Page 2/2 - Posted September 18, 2009
Core drilling as much an art as a science
Mosley-Thompson thinks it will be possible to find glacial stage ice — ice at least 20,000 years old, dating back to when the northern and southern ice sheets reached their maximum extent before retreating and ushering in a relatively stable era of climate.
Still, even during the current Holocene, which began about 12,000 years ago, the climate made some wild swings. For example, based on a large dust event found in tropical and subtropical cores the Thompsons have recovered and analyzed, there was a severe drought about 4,000 years ago that lasted for some three centuries. Yet that event doesn’t show up in any of the continental cores drilled in Antarctica.
Might it show up in the more northerly LARISSA ice core?
“It was a very large drought. It was associated with some societal collapses in the Middle East, the beginning of the first Dark Age, and it is very well recorded in the Andes,” Mosley-Thompson said. “We’re very curious to see if this large event shows up in Antarctica.”
By studying these previous, abrupt natural events such as the drought, the paleoclimatologists hope to learn more about human influences, from increasing atmospheric carbon dioxide to clear-cutting Amazonian rainforests.
“They’re very important,” Mosley Thompson said of abrupt climate change events. “First, it is essential just to know that they happened. And then, hopefully, by piecing together multiple records from different locations we can get a better sense of what the driver or drivers might have been.”

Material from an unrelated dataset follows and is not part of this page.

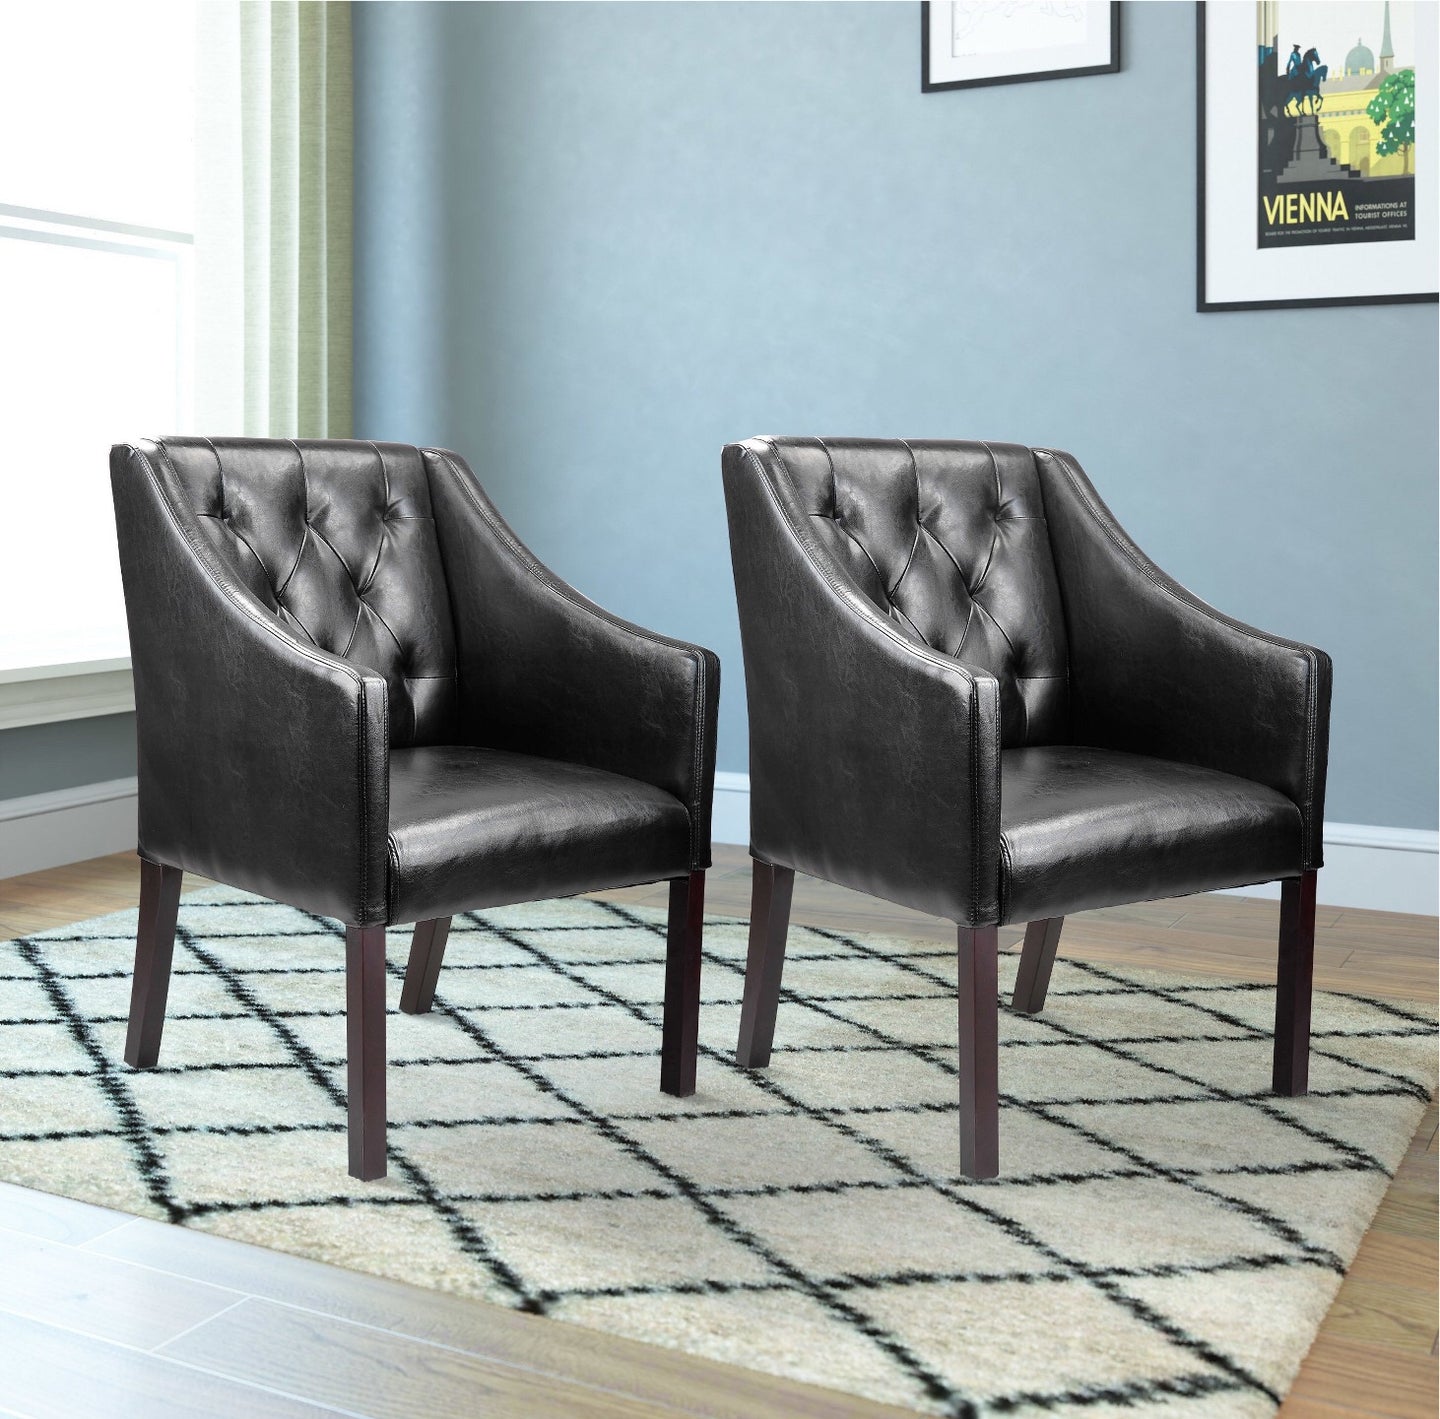 Corliving Antonio Club Chair in Black Bonded Leather set of 2 #4146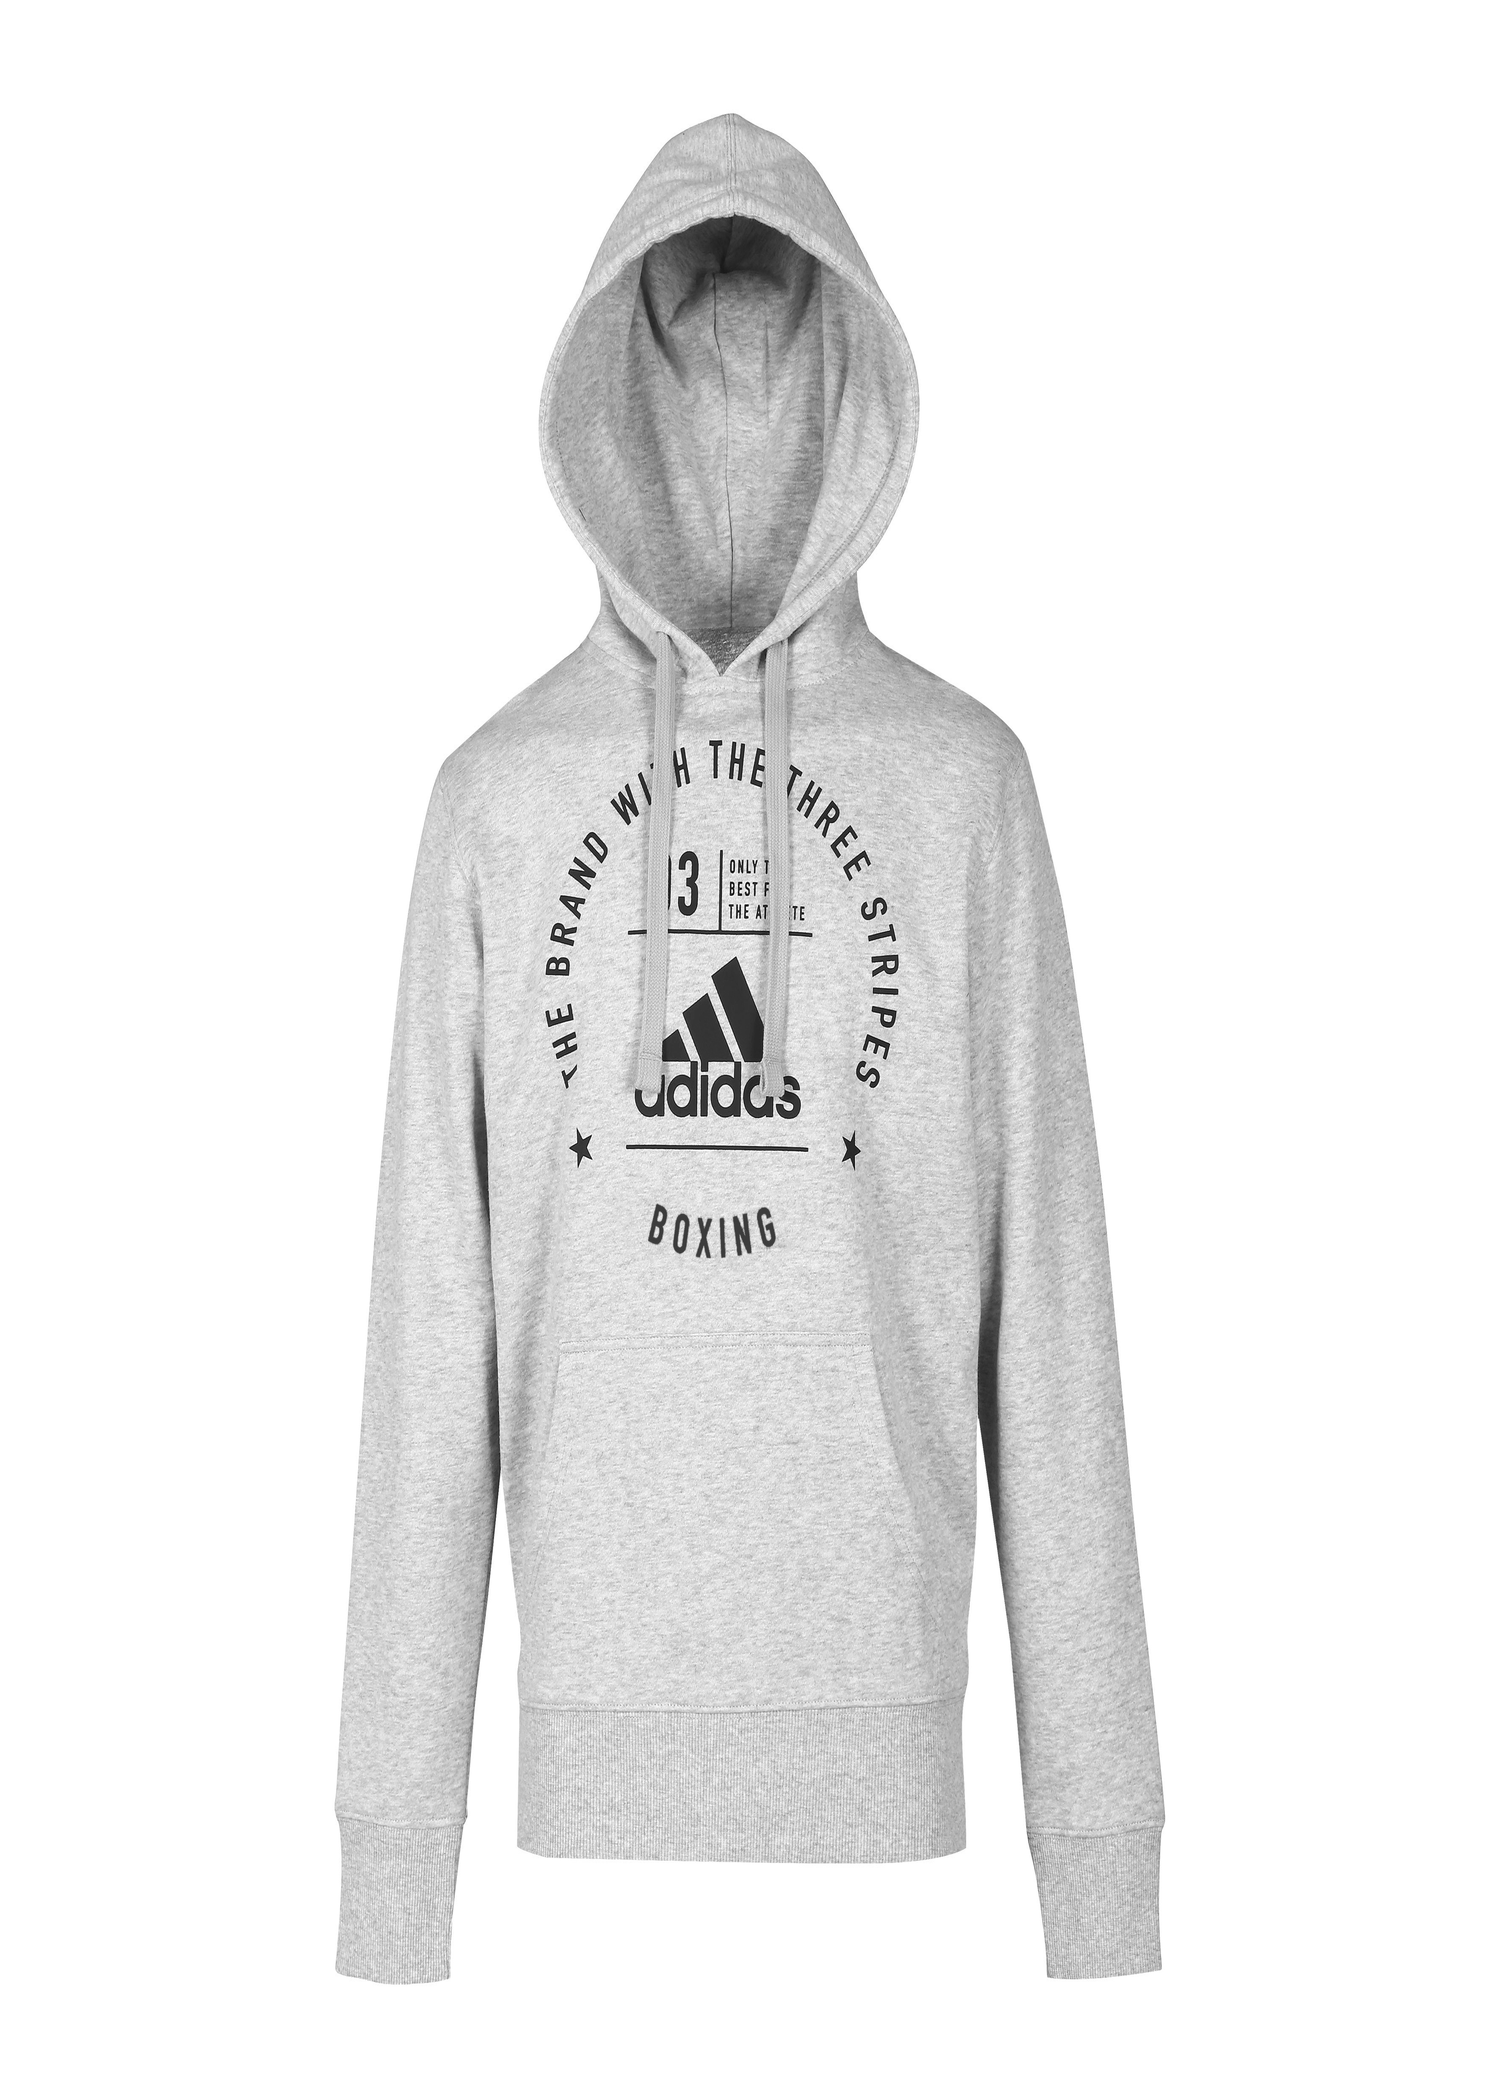 Adidas Boxing Community Hoodie- for Man, Woman, Unisex - for Gym, Workout, Boxing, Exercise, Weightlifting, Fitness, Running, Casual wear - Long Sleeves - 80% Polyester, 20% Cotton

Those answers — and undoubtedly new questions — will come later after the Thompsons and their colleagues have analyzed the core. First, of course, they have to drill into the ice and get the cores back to the United States.
The ice-coring operation is scheduled to take about 45 days with a six-person crew, living in tents and working under a geodesic dome about seven meters in diameter. The team will build a trench where the ice cores will be stored until a plane arrives each week with fresh supplies and fuel.
The cores will be packed into insulated boxes and flown back to the nearby British Antarctic Survey’s Rothera Base , where they will be stored in freezers until the RVIB Nathaniel B. Palmer makes a quick port call to retrieve them.
Generators power the elecromechanical drill, which consists of outer and inner barrels. The outer barrel has anti-torques at the top that hold it stationary in the hole, with an electrical motor at the top, all of it suspended on a cable, and lowered and raised by a winch topside.
The inner barrel does the work of cutting into the ice. After the drill has swallowed about a meters-length of ice, the scientists pull the drill to the surface, disconnect the barrel, push the ice out and process the core — making various measurements about its weight, appearance, density and other notable characteristics. The ice goes into a plastic sleeve and then into a heavy cardboard tube that is placed in the storage trench. All the equipment is cleaned and the drill is sent back down to take another bite out of the ice.
“Then it’s just repeat, repeat, repeat,” Mosley-Thompson said.
Eventually, the deeper ice that is very cold and under great stress begins to fracture as the drill bores down. When this happens, the team will switch to a thermal drill, which applies heat to an electric element that melts its way down into the ice. The amount of power provided to the heater element dictates the drilling rate. Too much power could burn up the heater element.
“There is a science to ice-core drilling, but there’s also an art to it,” Mosley-Thompson said. “Experience is the best teacher.”